= DATA PROVIDED =
-*-*-

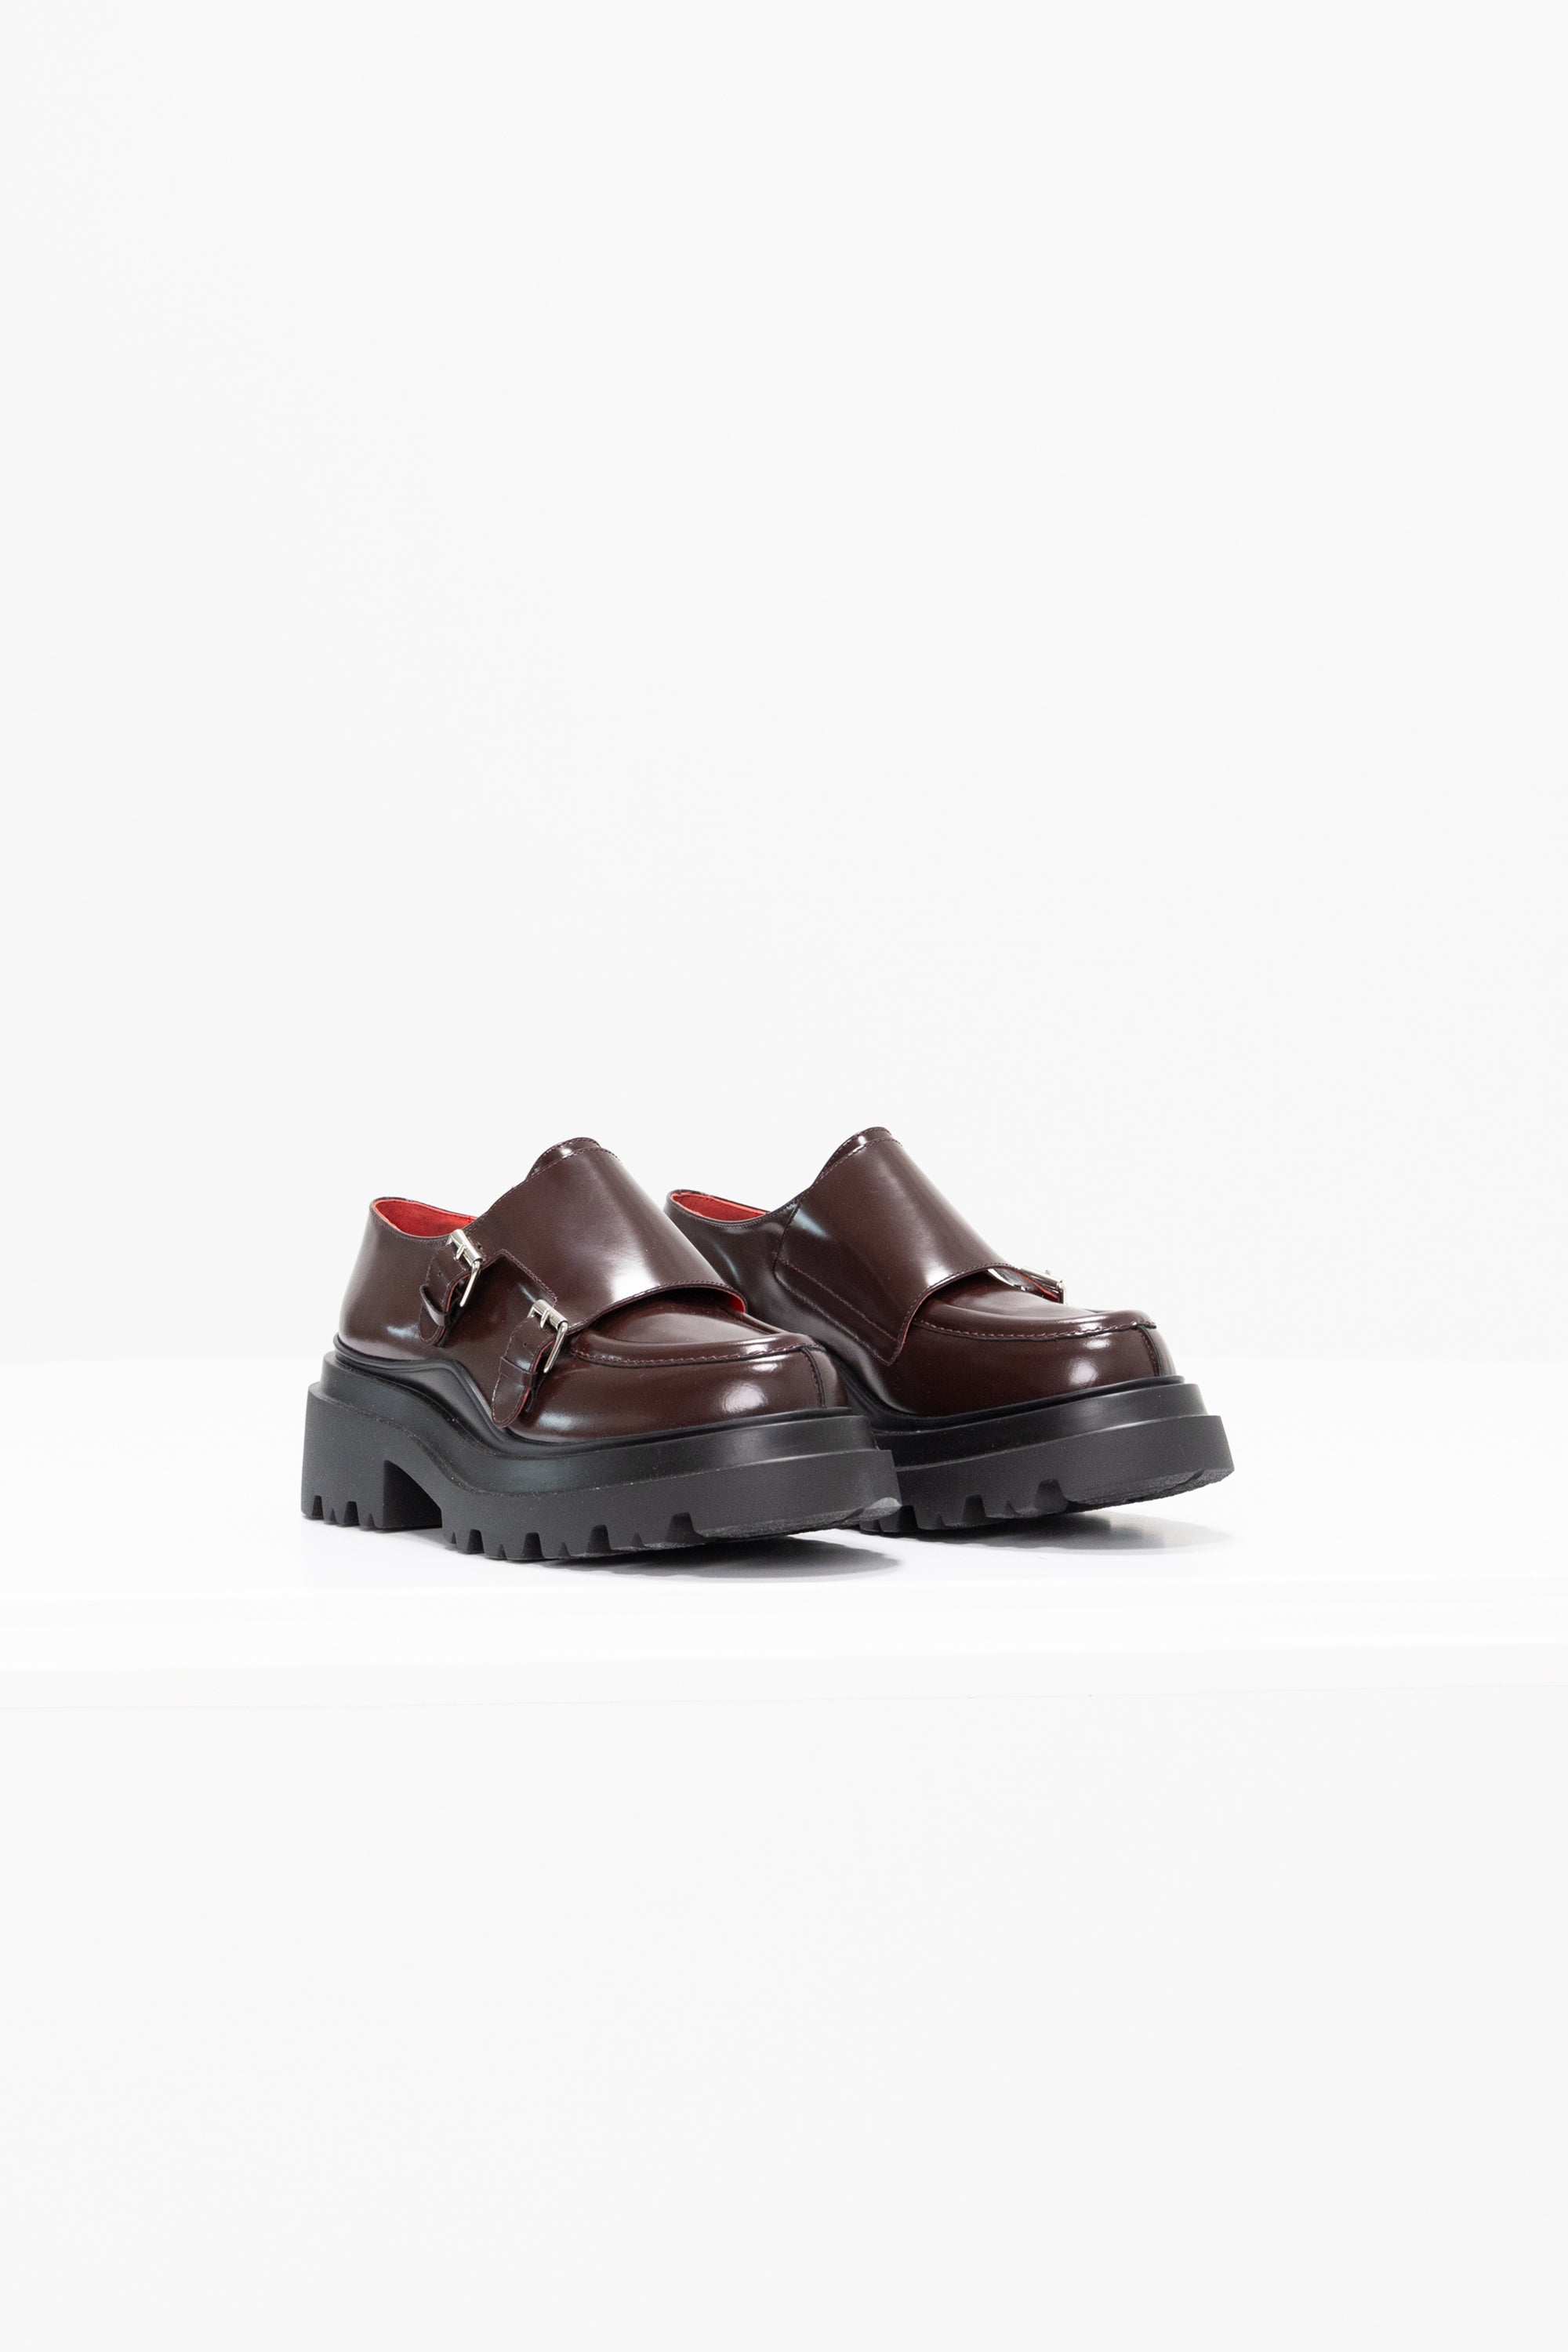 PLAN C - Loafer with Buckles, Oxblood
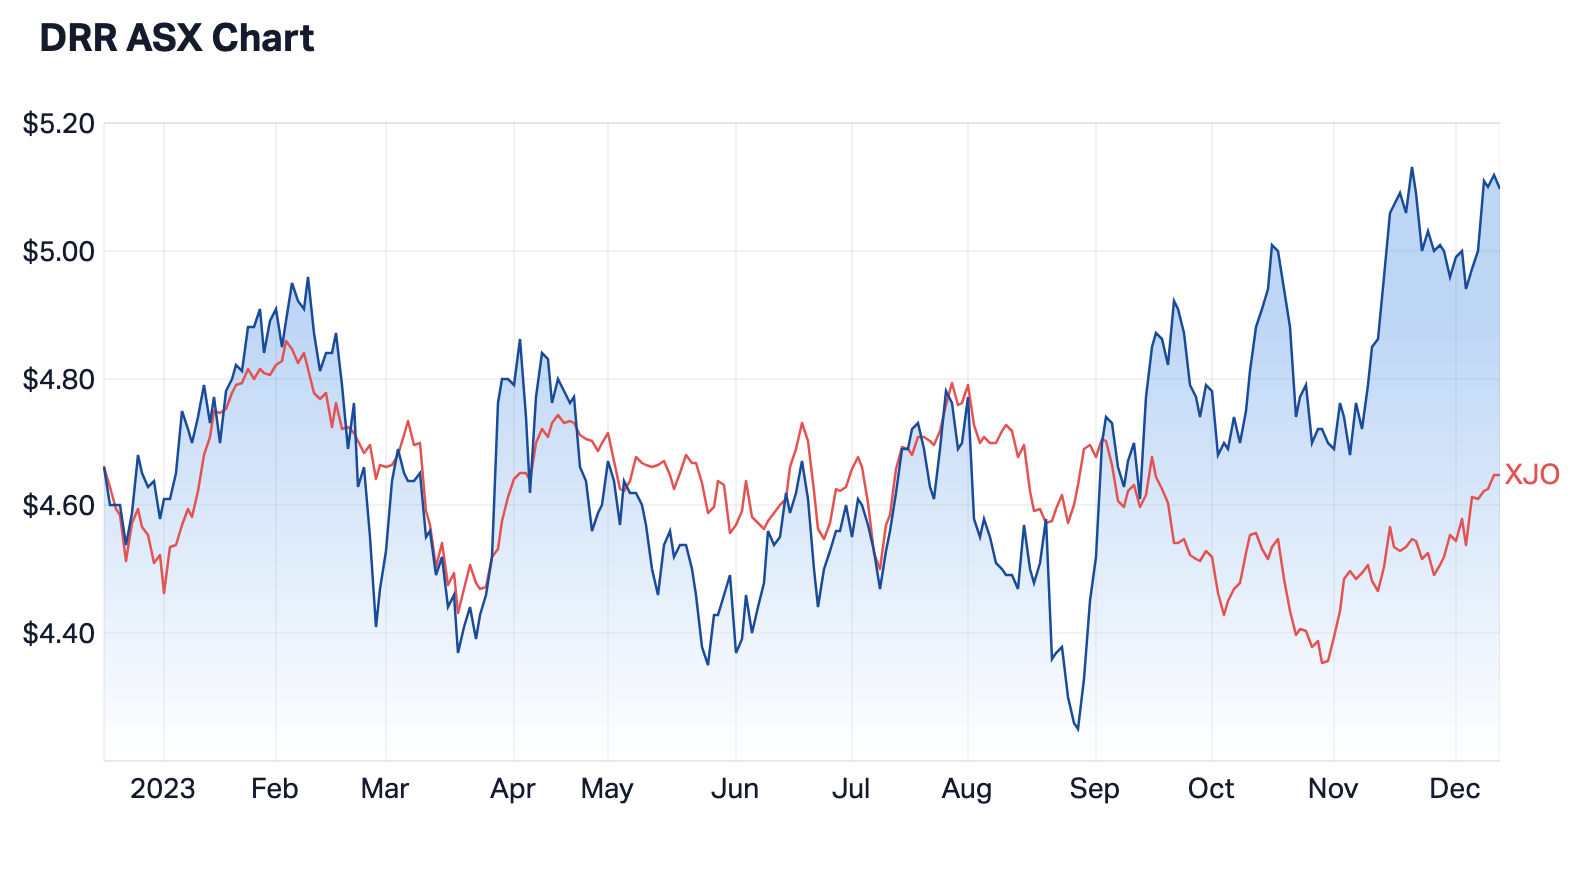 DRR shares versus the ASX 200 (as shown in red). Source: Market Index
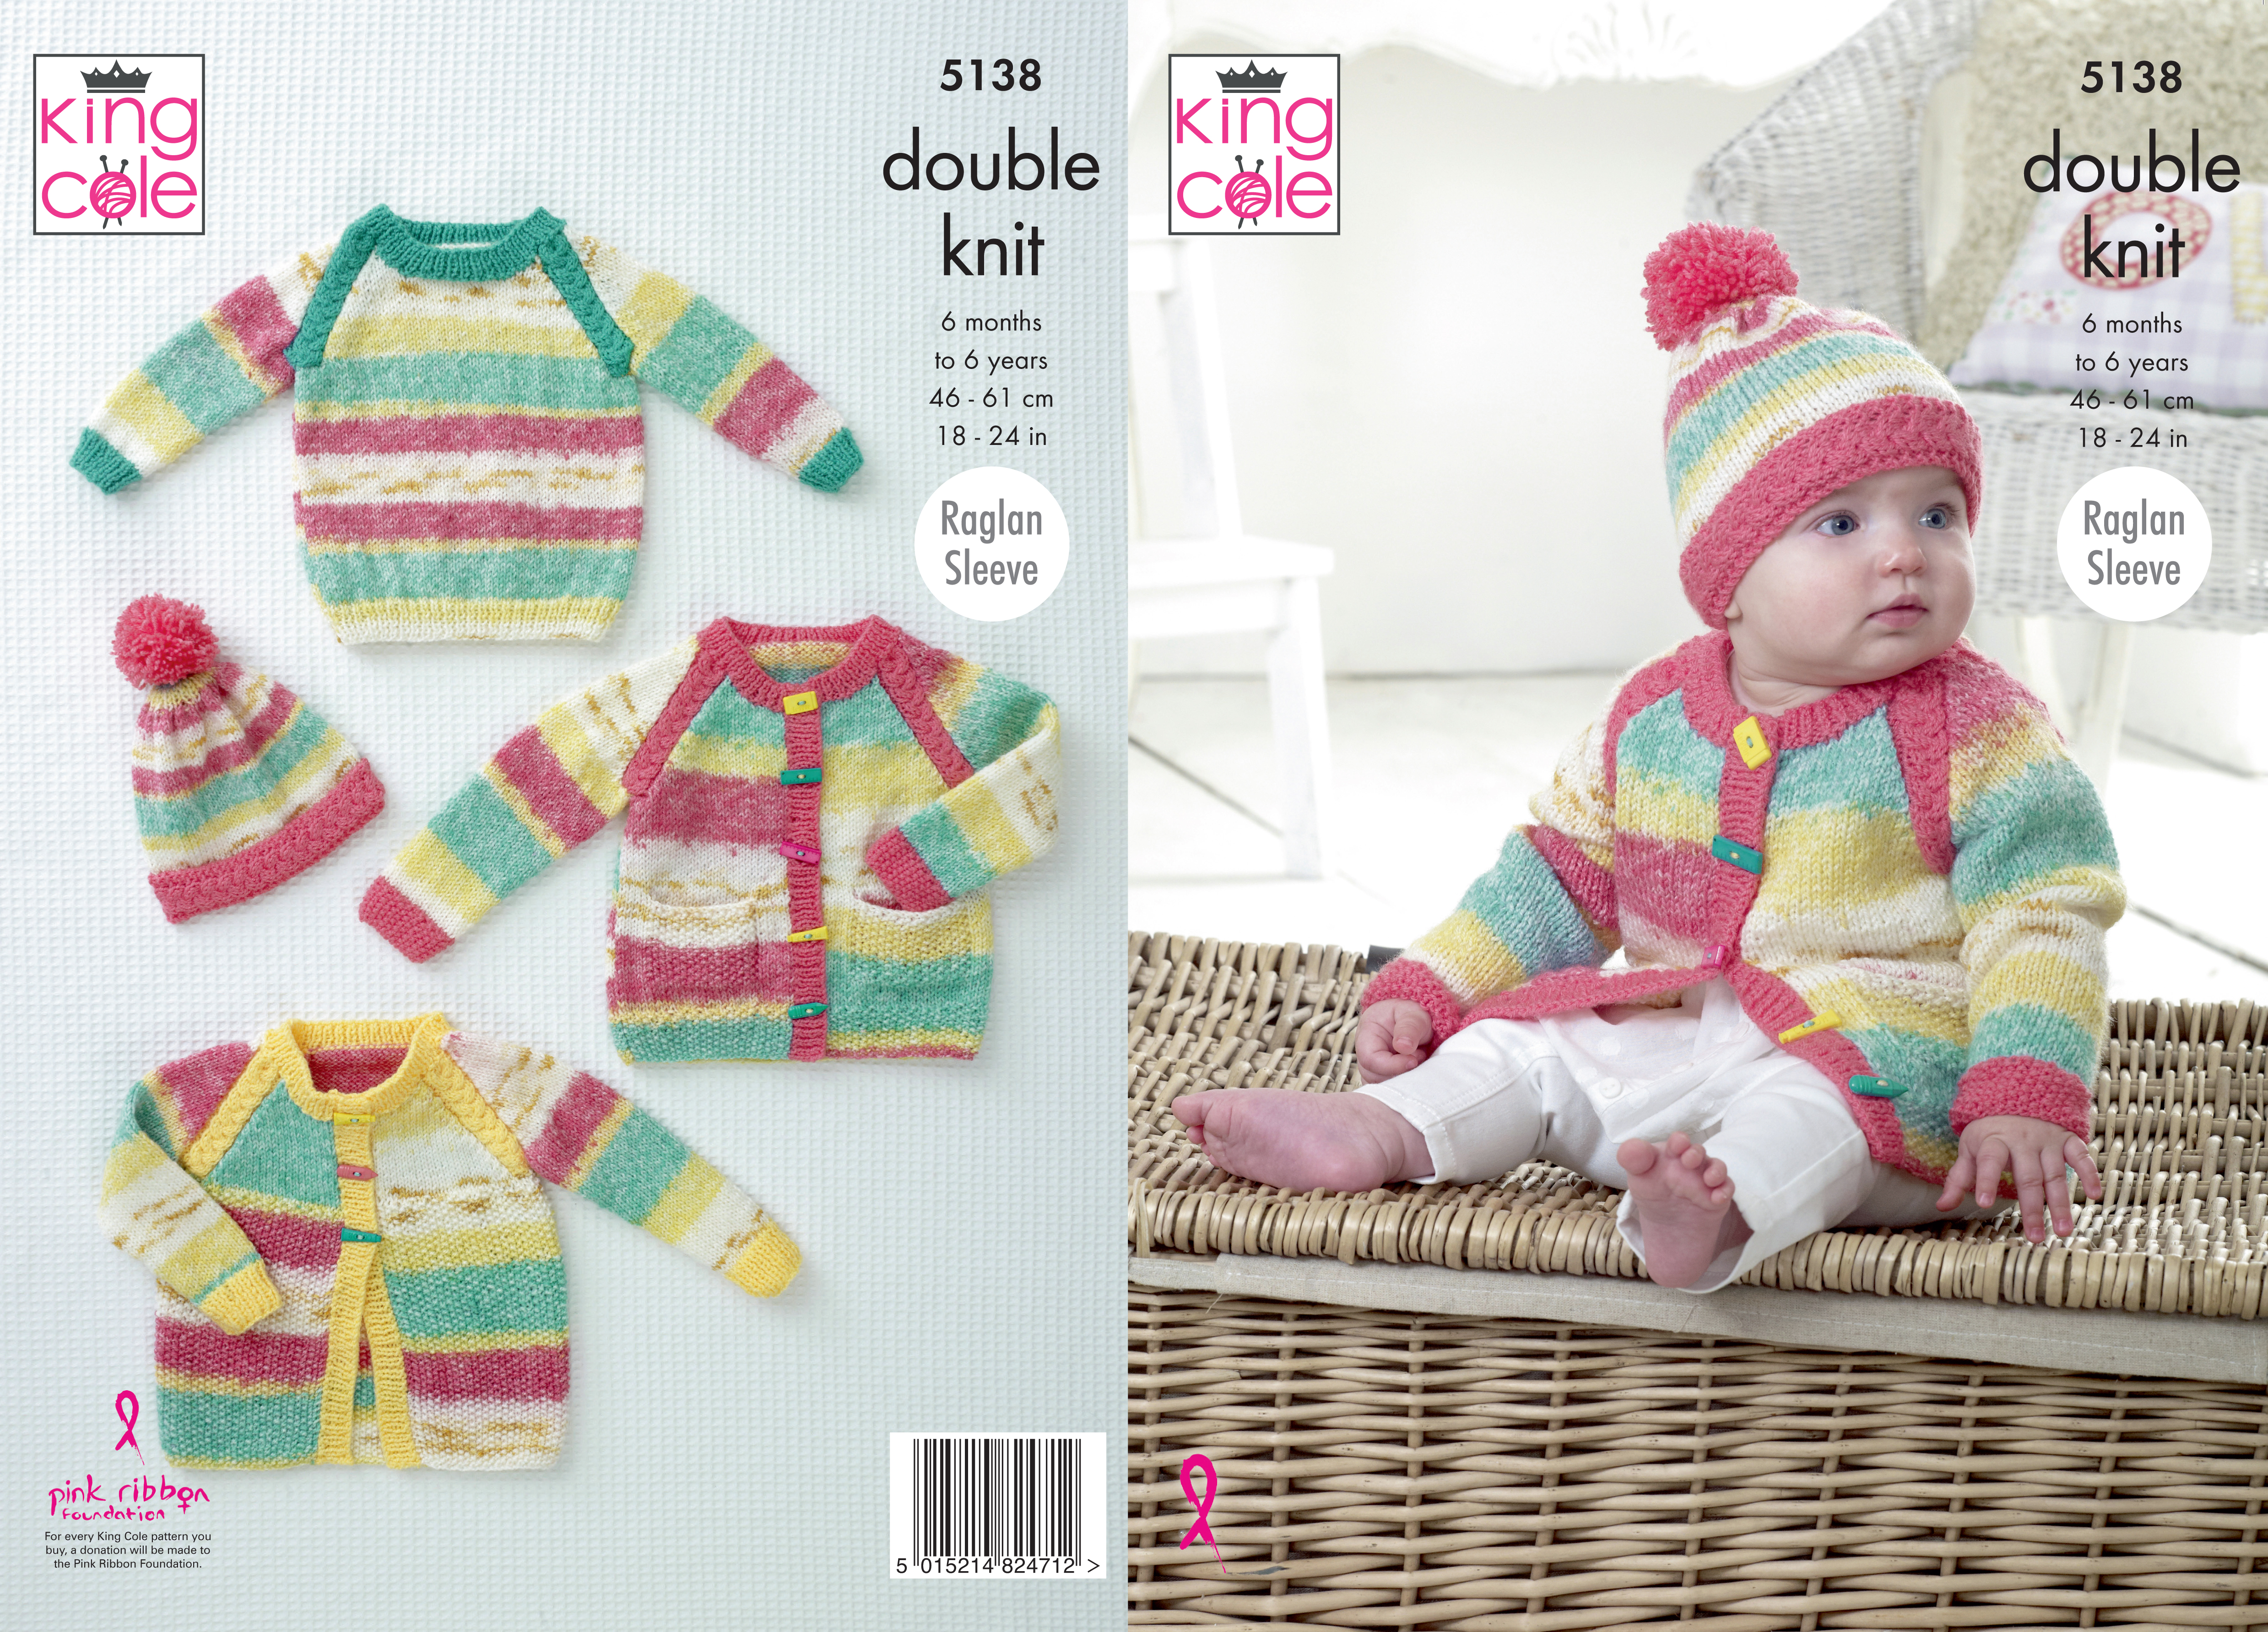 Jacket, Cardigan, Sweater & Hat Knitted in Splash DK 5138 x3 - Click Image to Close

-*-*-

The expected answer is the data retyped exactly, without pictures.

= TASK SOLUTION =
 PLAN C - Loafer with Buckles, Oxblood
 DRR shares versus the ASX 200 (as shown in red). Source: Market Index
 Jacket, Cardigan, Sweater & Hat Knitted in Splash DK 5138 x3 - Click Image to Close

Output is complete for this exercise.